## Task prompt:
Could you return each line below without altering a word?

Listed entries Block Start

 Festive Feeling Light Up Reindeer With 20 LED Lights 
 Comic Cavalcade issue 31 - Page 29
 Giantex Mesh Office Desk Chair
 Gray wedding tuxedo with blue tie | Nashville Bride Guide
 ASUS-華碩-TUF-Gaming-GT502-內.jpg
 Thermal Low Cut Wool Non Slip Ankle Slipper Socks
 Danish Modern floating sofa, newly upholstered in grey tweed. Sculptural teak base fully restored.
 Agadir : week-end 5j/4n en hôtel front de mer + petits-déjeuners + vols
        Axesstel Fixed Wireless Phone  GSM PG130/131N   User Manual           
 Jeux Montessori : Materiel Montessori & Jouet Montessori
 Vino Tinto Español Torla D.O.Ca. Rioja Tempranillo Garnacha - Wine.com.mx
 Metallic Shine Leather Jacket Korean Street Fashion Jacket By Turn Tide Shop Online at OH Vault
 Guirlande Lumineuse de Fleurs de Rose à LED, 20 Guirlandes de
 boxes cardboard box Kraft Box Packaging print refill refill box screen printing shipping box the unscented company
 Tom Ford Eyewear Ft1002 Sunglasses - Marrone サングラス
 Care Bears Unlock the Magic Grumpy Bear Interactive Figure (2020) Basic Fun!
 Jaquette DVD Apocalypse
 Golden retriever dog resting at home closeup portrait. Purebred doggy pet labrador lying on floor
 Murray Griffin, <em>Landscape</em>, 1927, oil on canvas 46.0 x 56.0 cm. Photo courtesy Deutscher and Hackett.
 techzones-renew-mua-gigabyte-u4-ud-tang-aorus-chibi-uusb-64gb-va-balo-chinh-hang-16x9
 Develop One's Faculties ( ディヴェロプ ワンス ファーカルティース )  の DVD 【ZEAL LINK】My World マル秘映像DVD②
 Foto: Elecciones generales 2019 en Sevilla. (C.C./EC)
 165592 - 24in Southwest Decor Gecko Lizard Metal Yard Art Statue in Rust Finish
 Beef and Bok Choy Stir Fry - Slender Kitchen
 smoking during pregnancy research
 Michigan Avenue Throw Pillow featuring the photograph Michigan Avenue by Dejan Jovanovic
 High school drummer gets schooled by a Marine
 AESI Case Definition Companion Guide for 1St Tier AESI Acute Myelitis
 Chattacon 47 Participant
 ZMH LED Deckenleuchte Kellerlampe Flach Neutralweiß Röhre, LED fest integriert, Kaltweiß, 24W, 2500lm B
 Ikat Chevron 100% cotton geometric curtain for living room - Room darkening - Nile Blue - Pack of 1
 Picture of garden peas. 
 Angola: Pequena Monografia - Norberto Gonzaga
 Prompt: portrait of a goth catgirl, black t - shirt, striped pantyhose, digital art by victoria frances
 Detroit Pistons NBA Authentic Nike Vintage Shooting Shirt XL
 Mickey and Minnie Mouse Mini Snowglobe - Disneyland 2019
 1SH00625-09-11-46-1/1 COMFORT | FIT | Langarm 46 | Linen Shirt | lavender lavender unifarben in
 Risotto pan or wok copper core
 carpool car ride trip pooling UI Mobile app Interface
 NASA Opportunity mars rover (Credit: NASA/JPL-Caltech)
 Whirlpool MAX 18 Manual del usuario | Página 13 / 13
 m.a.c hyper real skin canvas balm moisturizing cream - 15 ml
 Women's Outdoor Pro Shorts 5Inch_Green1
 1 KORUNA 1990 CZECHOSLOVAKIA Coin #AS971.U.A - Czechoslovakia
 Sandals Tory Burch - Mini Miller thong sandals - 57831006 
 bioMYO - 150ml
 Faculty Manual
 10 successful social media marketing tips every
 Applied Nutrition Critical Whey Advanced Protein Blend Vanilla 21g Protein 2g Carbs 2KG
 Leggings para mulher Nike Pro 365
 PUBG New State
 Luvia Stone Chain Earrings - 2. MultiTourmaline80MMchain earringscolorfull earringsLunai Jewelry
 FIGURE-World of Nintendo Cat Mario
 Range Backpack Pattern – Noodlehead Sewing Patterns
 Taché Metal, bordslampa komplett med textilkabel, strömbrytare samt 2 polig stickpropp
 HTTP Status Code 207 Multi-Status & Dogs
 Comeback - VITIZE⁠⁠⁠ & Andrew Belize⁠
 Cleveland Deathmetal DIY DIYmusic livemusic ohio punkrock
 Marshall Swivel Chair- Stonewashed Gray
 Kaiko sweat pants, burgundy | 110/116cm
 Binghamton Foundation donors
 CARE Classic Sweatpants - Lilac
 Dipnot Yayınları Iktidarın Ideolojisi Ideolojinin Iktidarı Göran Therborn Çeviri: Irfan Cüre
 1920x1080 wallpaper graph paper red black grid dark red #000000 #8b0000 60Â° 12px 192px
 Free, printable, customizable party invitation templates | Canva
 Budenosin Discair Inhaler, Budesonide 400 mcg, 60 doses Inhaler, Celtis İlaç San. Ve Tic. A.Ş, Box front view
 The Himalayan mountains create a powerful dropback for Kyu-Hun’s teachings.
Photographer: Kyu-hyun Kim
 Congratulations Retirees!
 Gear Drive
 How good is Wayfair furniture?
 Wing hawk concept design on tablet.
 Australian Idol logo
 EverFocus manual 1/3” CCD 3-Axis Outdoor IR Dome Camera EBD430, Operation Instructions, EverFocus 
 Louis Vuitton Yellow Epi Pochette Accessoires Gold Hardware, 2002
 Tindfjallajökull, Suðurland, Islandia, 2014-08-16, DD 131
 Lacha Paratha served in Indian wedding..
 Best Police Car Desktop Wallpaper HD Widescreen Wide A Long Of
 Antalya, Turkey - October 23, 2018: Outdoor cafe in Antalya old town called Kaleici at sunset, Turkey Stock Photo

Listed entries Block End

## Problem solution:
 Festive Feeling Light Up Reindeer With 20 LED Lights 
 Comic Cavalcade issue 31 - Page 29
 Giantex Mesh Office Desk Chair
 Gray wedding tuxedo with blue tie | Nashville Bride Guide
 ASUS-華碩-TUF-Gaming-GT502-內.jpg
 Thermal Low Cut Wool Non Slip Ankle Slipper Socks
 Danish Modern floating sofa, newly upholstered in grey tweed. Sculptural teak base fully restored.
 Agadir : week-end 5j/4n en hôtel front de mer + petits-déjeuners + vols
        Axesstel Fixed Wireless Phone  GSM PG130/131N   User Manual           
 Jeux Montessori : Materiel Montessori & Jouet Montessori
 Vino Tinto Español Torla D.O.Ca. Rioja Tempranillo Garnacha - Wine.com.mx
 Metallic Shine Leather Jacket Korean Street Fashion Jacket By Turn Tide Shop Online at OH Vault
 Guirlande Lumineuse de Fleurs de Rose à LED, 20 Guirlandes de
 boxes cardboard box Kraft Box Packaging print refill refill box screen printing shipping box the unscented company
 Tom Ford Eyewear Ft1002 Sunglasses - Marrone サングラス
 Care Bears Unlock the Magic Grumpy Bear Interactive Figure (2020) Basic Fun!
 Jaquette DVD Apocalypse
 Golden retriever dog resting at home closeup portrait. Purebred doggy pet labrador lying on floor
 Murray Griffin, <em>Landscape</em>, 1927, oil on canvas 46.0 x 56.0 cm. Photo courtesy Deutscher and Hackett.
 techzones-renew-mua-gigabyte-u4-ud-tang-aorus-chibi-uusb-64gb-va-balo-chinh-hang-16x9
 Develop One's Faculties ( ディヴェロプ ワンス ファーカルティース )  の DVD 【ZEAL LINK】My World マル秘映像DVD②
 Foto: Elecciones generales 2019 en Sevilla. (C.C./EC)
 165592 - 24in Southwest Decor Gecko Lizard Metal Yard Art Statue in Rust Finish
 Beef and Bok Choy Stir Fry - Slender Kitchen
 smoking during pregnancy research
 Michigan Avenue Throw Pillow featuring the photograph Michigan Avenue by Dejan Jovanovic
 High school drummer gets schooled by a Marine
 AESI Case Definition Companion Guide for 1St Tier AESI Acute Myelitis
 Chattacon 47 Participant
 ZMH LED Deckenleuchte Kellerlampe Flach Neutralweiß Röhre, LED fest integriert, Kaltweiß, 24W, 2500lm B
 Ikat Chevron 100% cotton geometric curtain for living room - Room darkening - Nile Blue - Pack of 1
 Picture of garden peas. 
 Angola: Pequena Monografia - Norberto Gonzaga
 Prompt: portrait of a goth catgirl, black t - shirt, striped pantyhose, digital art by victoria frances
 Detroit Pistons NBA Authentic Nike Vintage Shooting Shirt XL
 Mickey and Minnie Mouse Mini Snowglobe - Disneyland 2019
 1SH00625-09-11-46-1/1 COMFORT | FIT | Langarm 46 | Linen Shirt | lavender lavender unifarben in
 Risotto pan or wok copper core
 carpool car ride trip pooling UI Mobile app Interface
 NASA Opportunity mars rover (Credit: NASA/JPL-Caltech)
 Whirlpool MAX 18 Manual del usuario | Página 13 / 13
 m.a.c hyper real skin canvas balm moisturizing cream - 15 ml
 Women's Outdoor Pro Shorts 5Inch_Green1
 1 KORUNA 1990 CZECHOSLOVAKIA Coin #AS971.U.A - Czechoslovakia
 Sandals Tory Burch - Mini Miller thong sandals - 57831006 
 bioMYO - 150ml
 Faculty Manual
 10 successful social media marketing tips every
 Applied Nutrition Critical Whey Advanced Protein Blend Vanilla 21g Protein 2g Carbs 2KG
 Leggings para mulher Nike Pro 365
 PUBG New State
 Luvia Stone Chain Earrings - 2. MultiTourmaline80MMchain earringscolorfull earringsLunai Jewelry
 FIGURE-World of Nintendo Cat Mario
 Range Backpack Pattern – Noodlehead Sewing Patterns
 Taché Metal, bordslampa komplett med textilkabel, strömbrytare samt 2 polig stickpropp
 HTTP Status Code 207 Multi-Status & Dogs
 Comeback - VITIZE⁠⁠⁠ & Andrew Belize⁠
 Cleveland Deathmetal DIY DIYmusic livemusic ohio punkrock
 Marshall Swivel Chair- Stonewashed Gray
 Kaiko sweat pants, burgundy | 110/116cm
 Binghamton Foundation donors
 CARE Classic Sweatpants - Lilac
 Dipnot Yayınları Iktidarın Ideolojisi Ideolojinin Iktidarı Göran Therborn Çeviri: Irfan Cüre
 1920x1080 wallpaper graph paper red black grid dark red #000000 #8b0000 60Â° 12px 192px
 Free, printable, customizable party invitation templates | Canva
 Budenosin Discair Inhaler, Budesonide 400 mcg, 60 doses Inhaler, Celtis İlaç San. Ve Tic. A.Ş, Box front view
 The Himalayan mountains create a powerful dropback for Kyu-Hun’s teachings.
Photographer: Kyu-hyun Kim
 Congratulations Retirees!
 Gear Drive
 How good is Wayfair furniture?
 Wing hawk concept design on tablet.
 Australian Idol logo
 EverFocus manual 1/3” CCD 3-Axis Outdoor IR Dome Camera EBD430, Operation Instructions, EverFocus 
 Louis Vuitton Yellow Epi Pochette Accessoires Gold Hardware, 2002
 Tindfjallajökull, Suðurland, Islandia, 2014-08-16, DD 131
 Lacha Paratha served in Indian wedding..
 Best Police Car Desktop Wallpaper HD Widescreen Wide A Long Of
 Antalya, Turkey - October 23, 2018: Outdoor cafe in Antalya old town called Kaleici at sunset, Turkey Stock Photo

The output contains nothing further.